As a means of risk management, insurance companies will insure some or all of their cases against loss. This is done not only in times of economic crisis, but as a routine to help defray loss due to loss of premiums or high payouts to insured customers. It is, in short, insurance for insurance companies. Ultimately, reinsurance spreads risk so that each company doesn’t have to absorb loss independently. Loss is absorbed upward throughout the chain of reinsurance companies.

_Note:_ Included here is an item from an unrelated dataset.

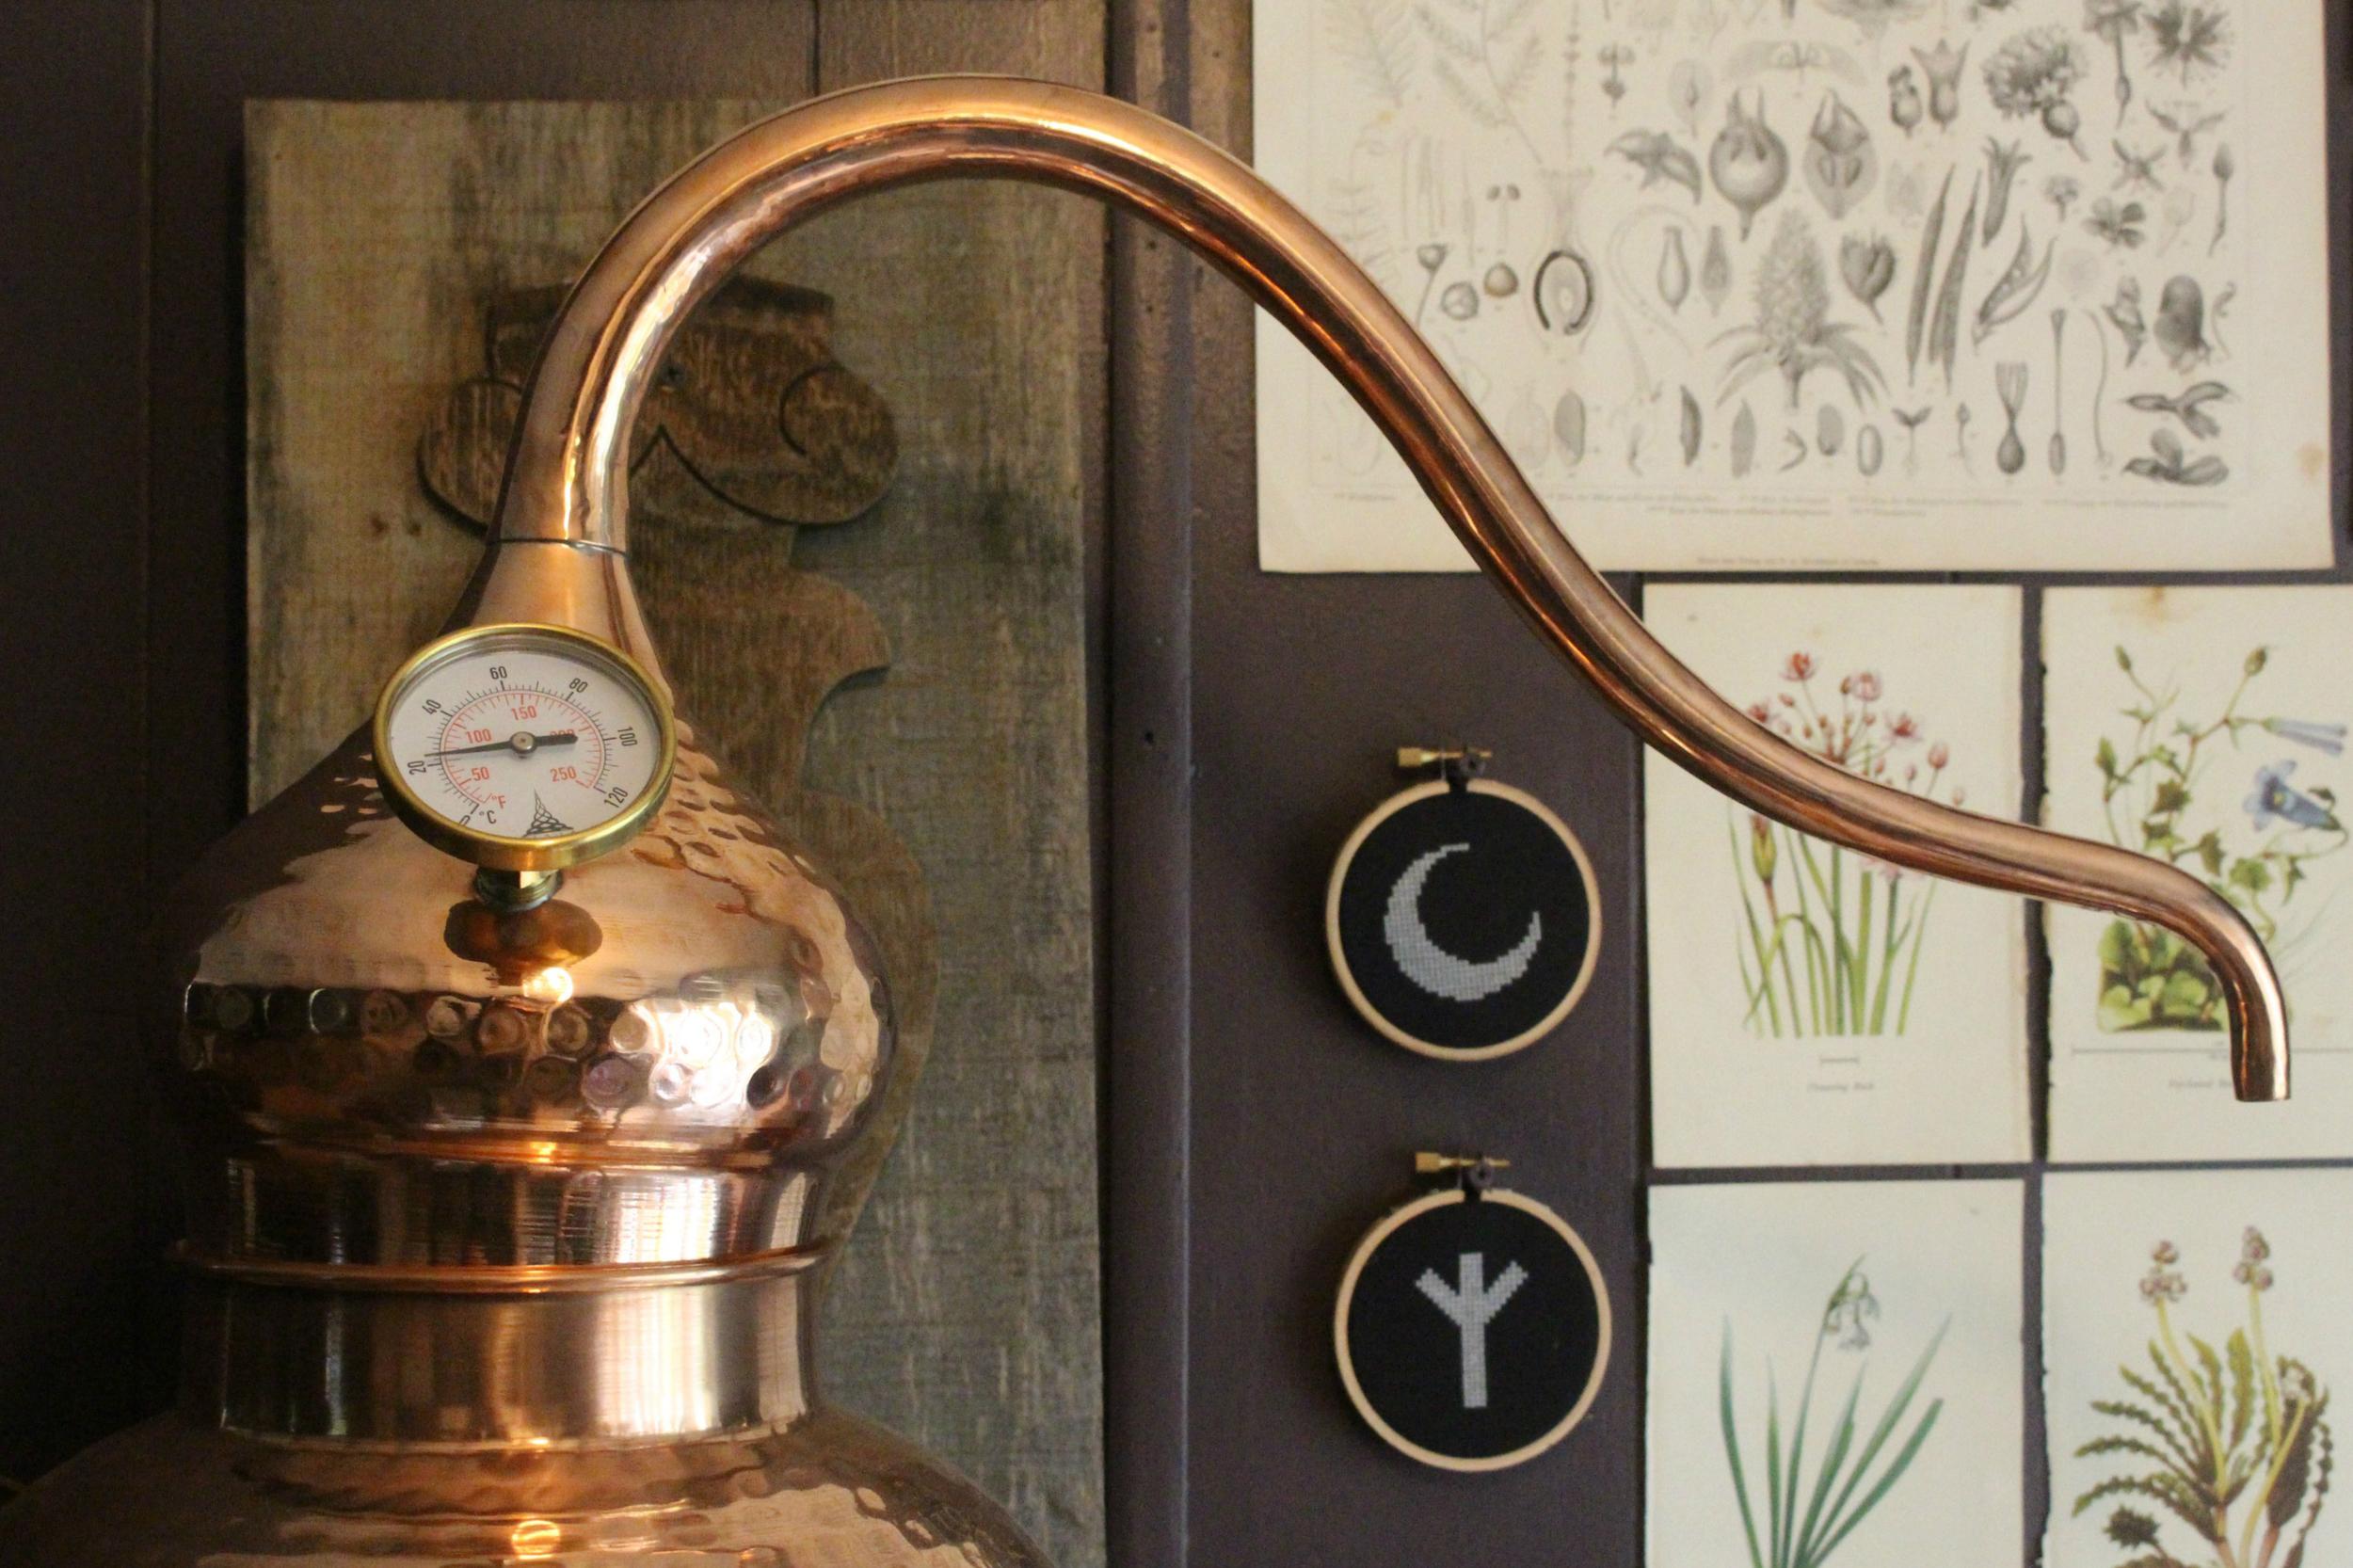 A copper distiller in Ash Sierra's home

Benefit of Reinsurance with Global Disasters

With the advent of the recent earthquake in Japan, as well as other disasters in recent times, many insurance companies would have gone under because of the sheer number of claims due to damage and loss of life. Reinsurance allows that loss to be spread over a bigger economic resource. Given the high numbers of global disasters lately, even reinsurers are struggling, meaning there’s a general loss at this time. On the brighter side, there are times when reinsurance calculates a gain instead of loss.

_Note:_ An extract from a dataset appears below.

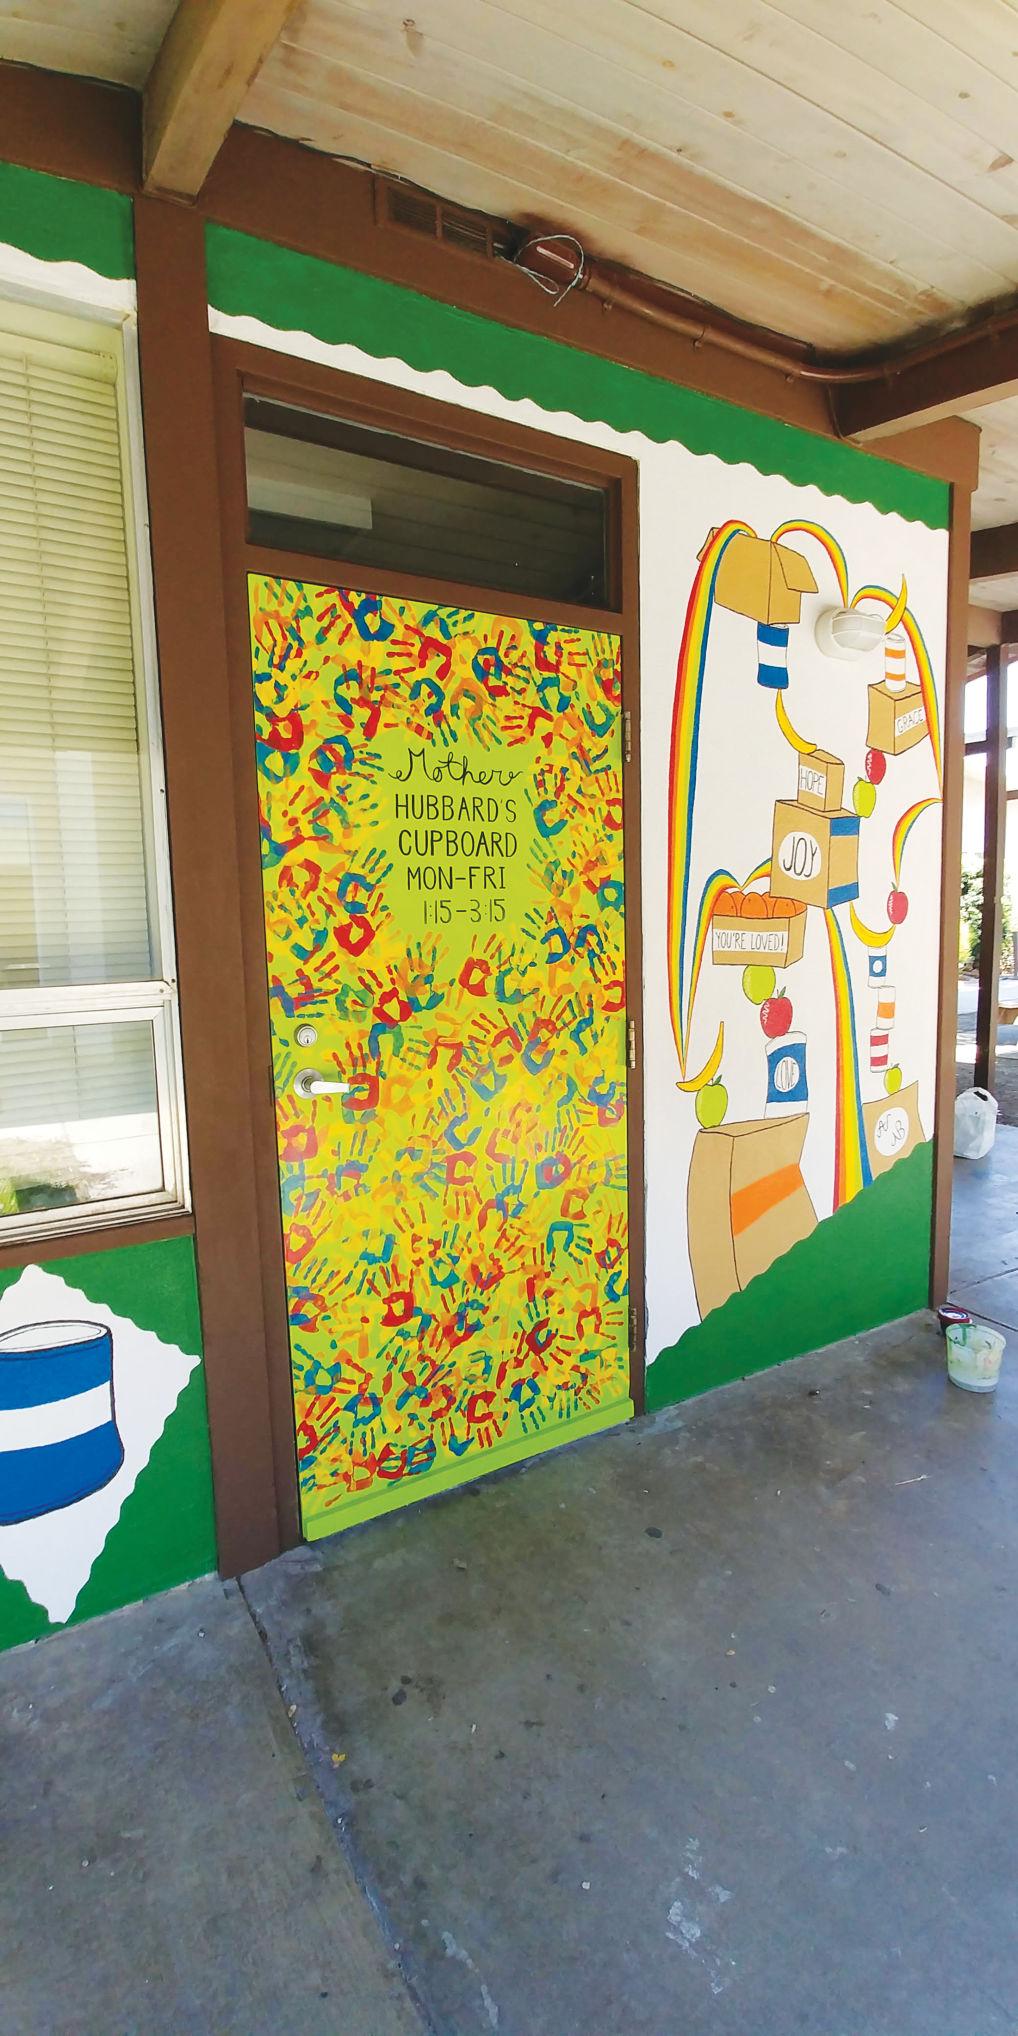 Mother Hubbard's Cupboard mural

Movers and Shakers in Reinsurance Companies

Industry leaders are those who are most often seen in the news and whose information peers and customers alike seek. Names like Wilton Re, a newcomer to reinsurance, make headlines that capture major attention in the public as well as the industry. Willis Reinsurance has made news lately due to a pending expansion and acquisition of a major South African company. Gen Re is a name often found in dealings concerning reinsurance worldwide.

The Future of Reinsurance Companies

Given the current economic status, as well as recent events, it appears that bringing in new business models may mean the difference between success and failure for many reinsurance companies. Unfortunately, there are no soothsayers in the industry, but a company that plans for downward trends is one more likely to survive in even the most difficult times. The need for reinsurance companies will always be high, so the market and demand for such services are in no danger.

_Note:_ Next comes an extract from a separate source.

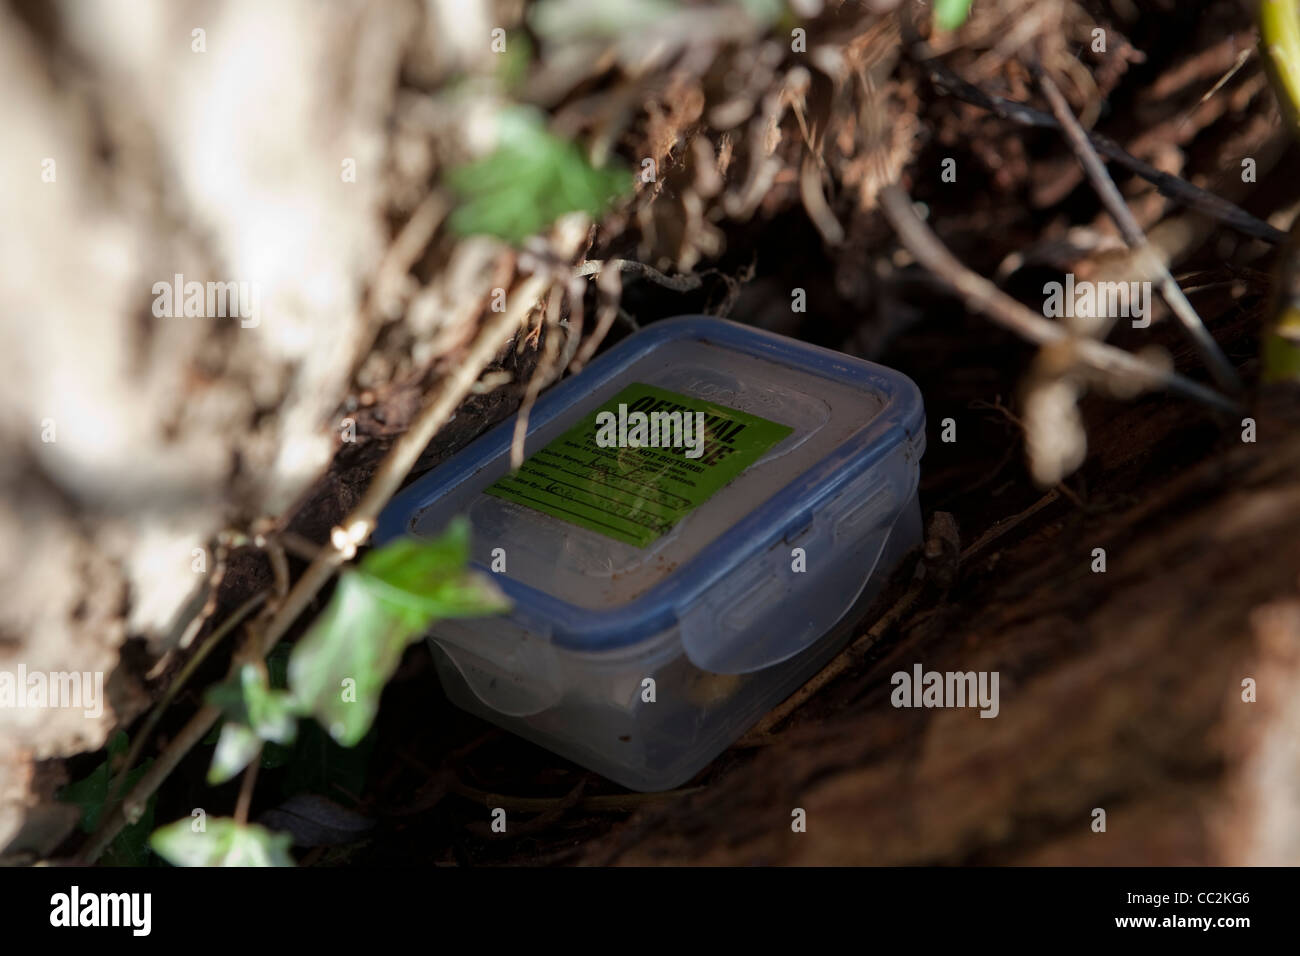 Small tupperware geocache box hidden in woodland environment - Stock Image

Reinsurance Companies Obtain Reinsurance

There are times when a reinsurance company chooses to become insured by retrocessionaires. The purpose, again, is to ease the burden of unexpected or circumstantially determined claims that could burden the reinsurer. These arrangements are typically done either short- or long-term, depending on the circumstances. The burden falling on retrocessionaires, or reinsurers for reinsurers, becomes evident when catastrophes arise that affect many insurance companies.

Reinsurance companies provide the much-needed financial backup not only in instances of catastrophe, but in the normal course of business. The success or failure of the reinsurer can affect many insurance companies as well as individuals who hold policies in the agreements. For the typical individual holding an insurance policy, the reinsurance company remains unseen for the most part. For those in the business of insurance, they’re indispensible and rarely make a move without reporting it.